Il processo, non si svolse in Corte Assise a Palermo, sede del giudice naturale, posto che i difensori degli imputati, asserendo il grande clamore mediatico esistente sul caso a Palermo (era in corso una campagna diffamatoria da parte di alcune testate giornalistiche che ipotizzavano una pista interna, una vendetta di compagni di partito), ottennero che lo stesso venisse trasferito, invocando la legittima suspicione, alla Corte d’Assise presso il Tribunale di Santa Maria Capua Vetere.
Nel processo la madre di Salvatore Carnevale, parte civile, fu rappresentata dal futuro presidente della Repubblica, il socialista Sandro Pertini, e dagli avvocati Nino Taormina e Nino Sorgi, anche loro socialisti.
Il processo di primo grado iniziò il 18 marzo 1960 e si concluse il 21 dicembre 1961 con la condanna, in primo grado, all’ergastolo di tutti e quattro gli imputati, accogliendo così la ricostruzione del delitto fatta da Scaglione, Pertini, Sorgi e Taormina.
Purtroppo la sentenza non resse in appello e la corte di assise di appello assolse tutti gli imputati per insufficienza di prove. L’assoluzione venne successivamente confermata in Cassazione.
Facciamo un passo indietro, specificamente, sulla legittima suspicione e quindi la ragione per la quale il processo non è stato celebrato in Assise a Palermo.
Tale istituto bsi pone a garanzia del corretto svolgimento del processo, dell’imparzialità del giudice e della libera attività difensiva delle parti e prevede che quando gravi situazioni locali, tali da turbare lo svolgimento del processo e non altrimenti eliminabili, pregiudicano la libera determinazione delle persone che partecipano al processo, ovvero la sicurezza o l’incolumità pubblica, o determinano motivi di legittimo sospetto, la Cassazione, rimette il processo ad altro giudice.
Quindi, di fatto, una deroga al Giudice naturale che è quello del locus commissi delicti.
Si tratta di un istituto previsto anche oggi dal nostro codice, in particolare, dall’art. 45 c.p.p., che trova applicazione in casi del tutto eccezionali, anche perchè le norme sulla rimessione, non più legittima suspicione, devono essere interpretate restrittivamente.

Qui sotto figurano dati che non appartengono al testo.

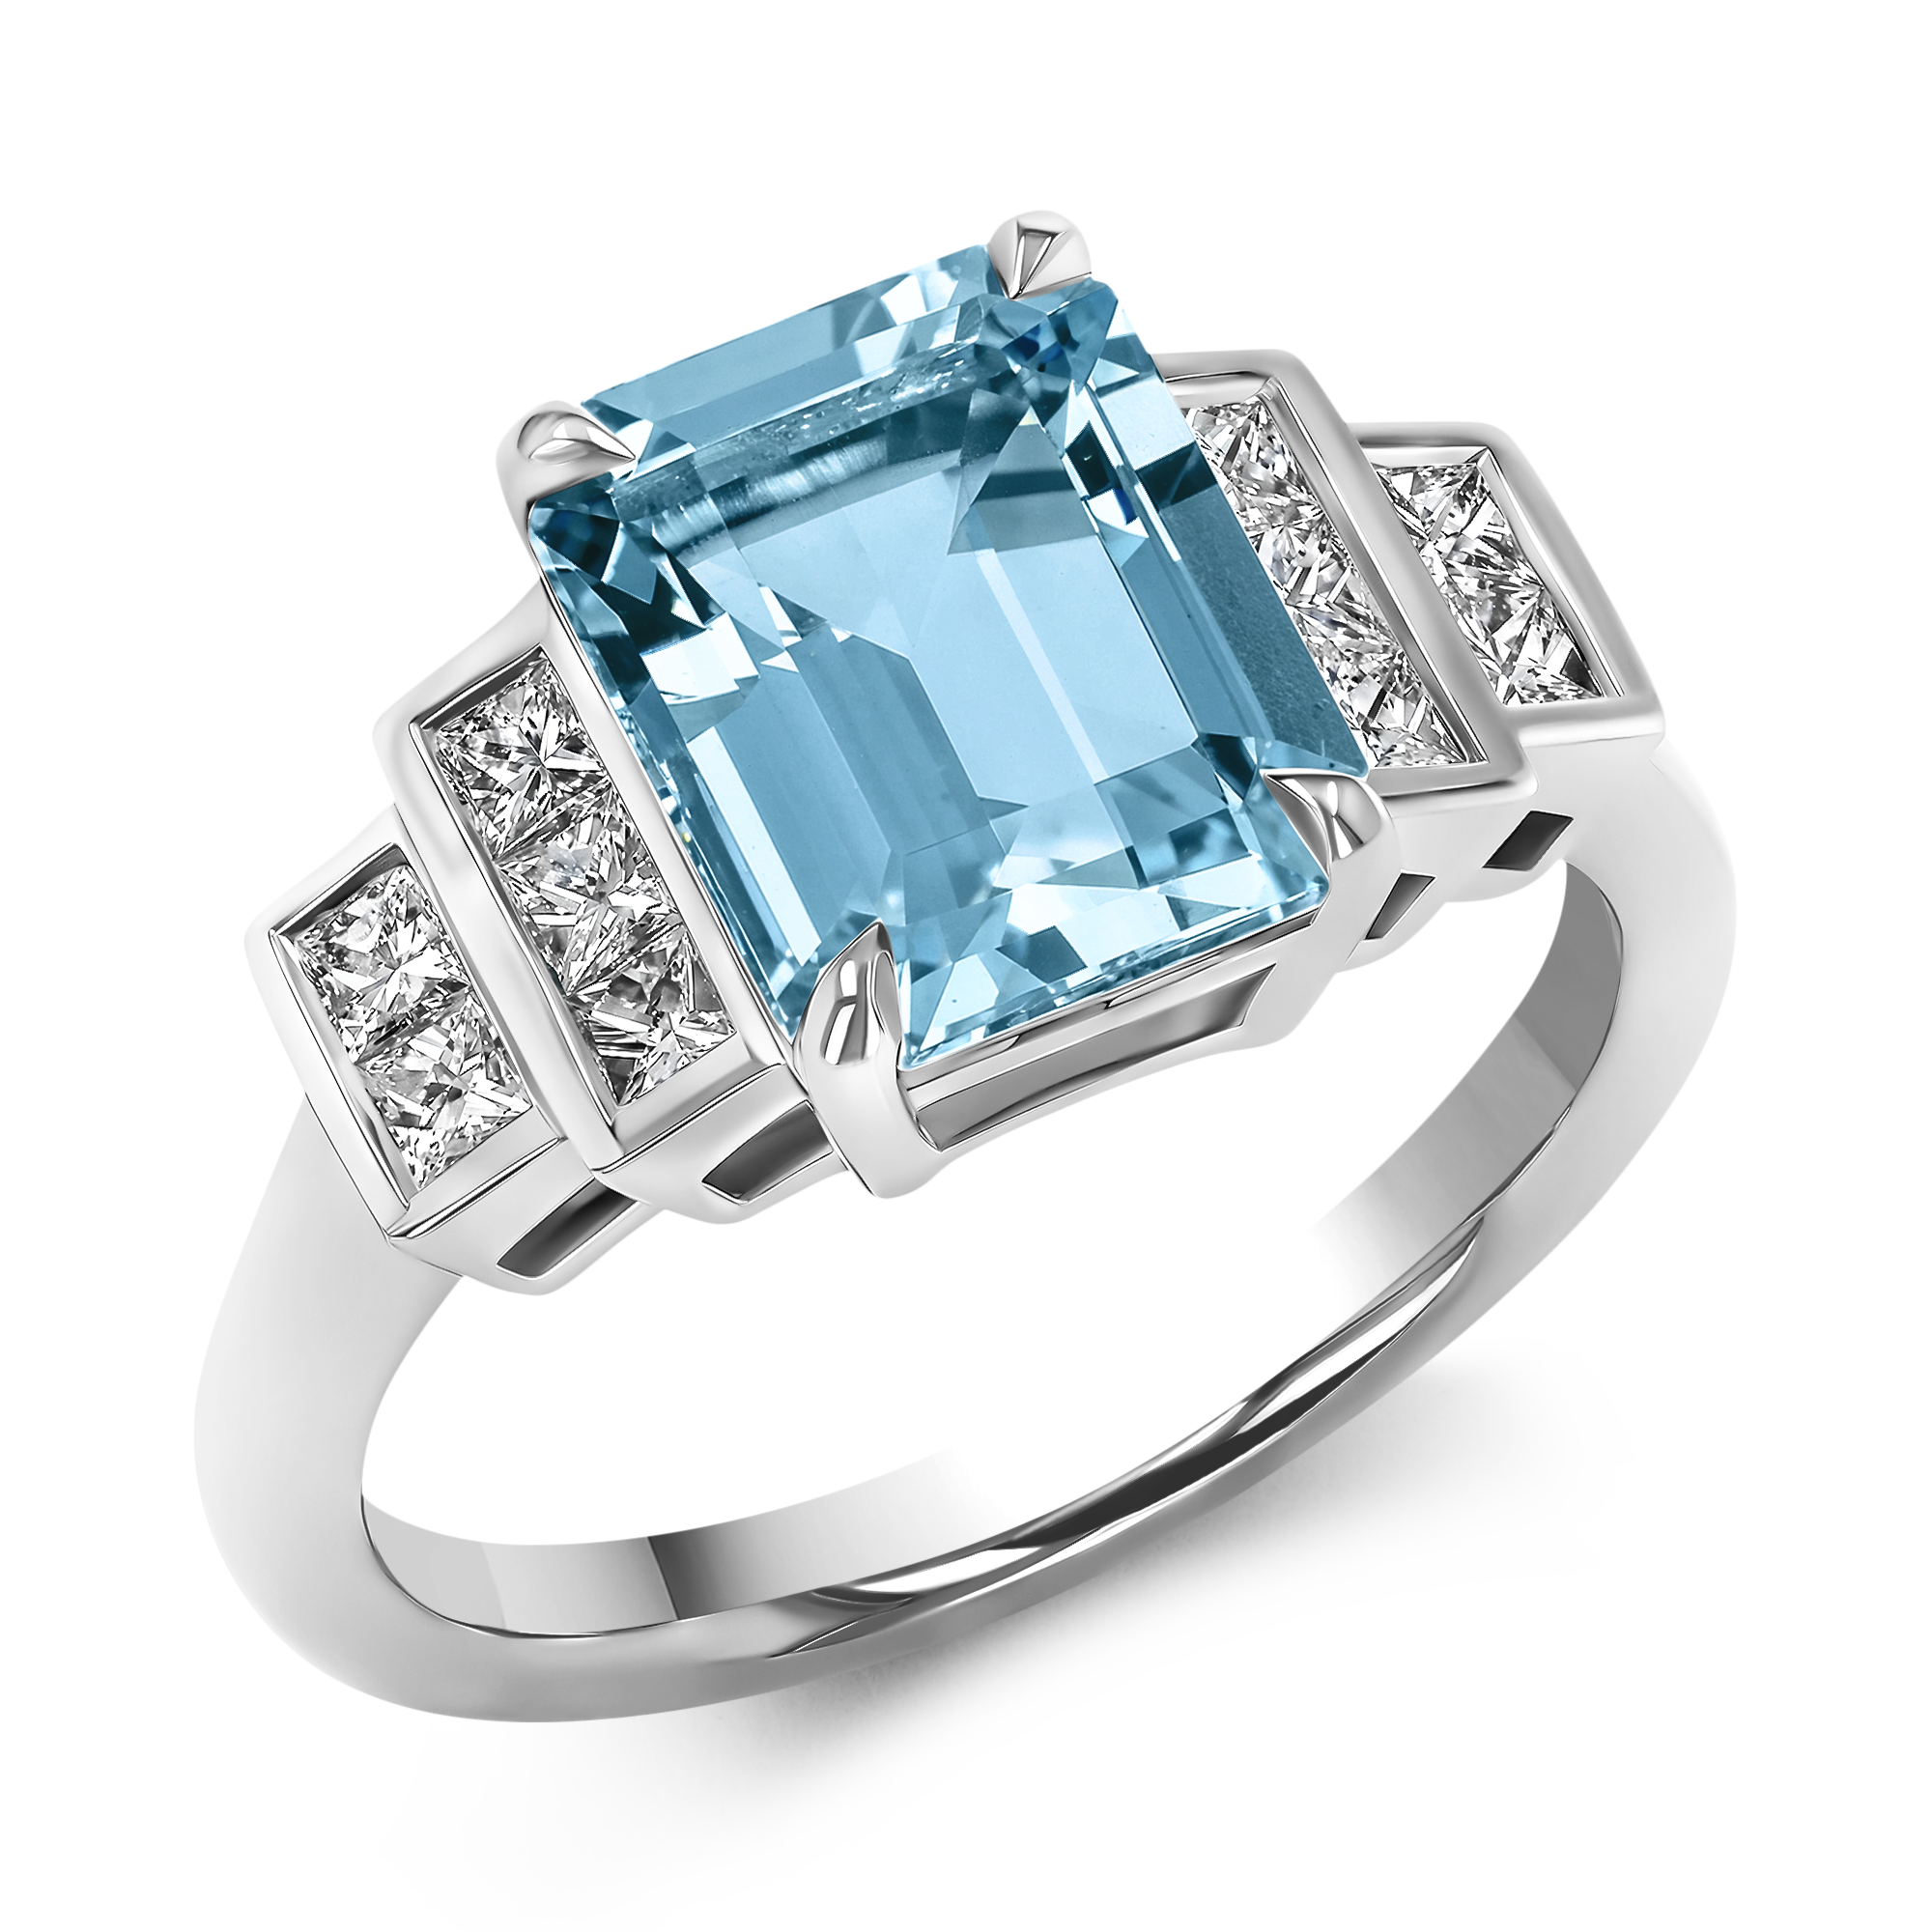 Lukusuzi 2.75ct Art Deco Inspired Aquamarine and Diamond Ring Emerald Cut, Claw Set_1

Vi fu una difficile stagione dei primi decenni della nostra Repubblica (anni 60), in cui numerosi processi per fatti di mafia furono trasferiti dalle sedi giudiziarie siciliane in altre regioni: era il segno umiliante della fragilità delle istituzioni, di uno Stato incapace di assicurare serenità allo svolgimento del processo e di garantire protezione ai giudici popolari di fronte alle minacce. Era una stagione in cui i processi, pur trasferiti ad altra sede, si concludevano pressoché ineluttabilmente con le assoluzioni per insufficienza di prove.
Superata questa fase, e pur sotto la vigenza della norma del Codice di procedura penale del 1930 – che prevedeva la formula del «legittimo sospetto» –, in un periodo di diversi decenni i casi di rimessione sono stati pochissimi - tra i quali, a parte i processi di mafia, la strage di piazza
Fontana e la strage del Vajont - e addirittura dopo l’entrata in vigore del nuovo codice del 1989 soltanto due.
Se si leggono gli atti dei processi di mafia si scopre che la richiesta di legittima suspicione viene utilizzata a man bassa, come una chiave magica usata per ottenere in sedi più consone assoluzioni totali o per insufficienza di prove. Uno dei casi più eclatanti fu il
processo per la strage di Portella delle Ginestre (1947). Nel 1950 il processo viene spostato da Palermo a Viterbo: la banda di Salvatore Giuliano viene condannata ma i mandanti assolti. Poi la strage di Ciaculli del 30 Giugno 1963, in occasione della quale rimasero uccisi sette membri delle forze dell'ordine, che provocò la prima reale ed efficace offensiva dello Stato nei confronti di Cosa Nostra palermitana, che venne decimata dagli arresti. HChiude la prima guerra di mafia.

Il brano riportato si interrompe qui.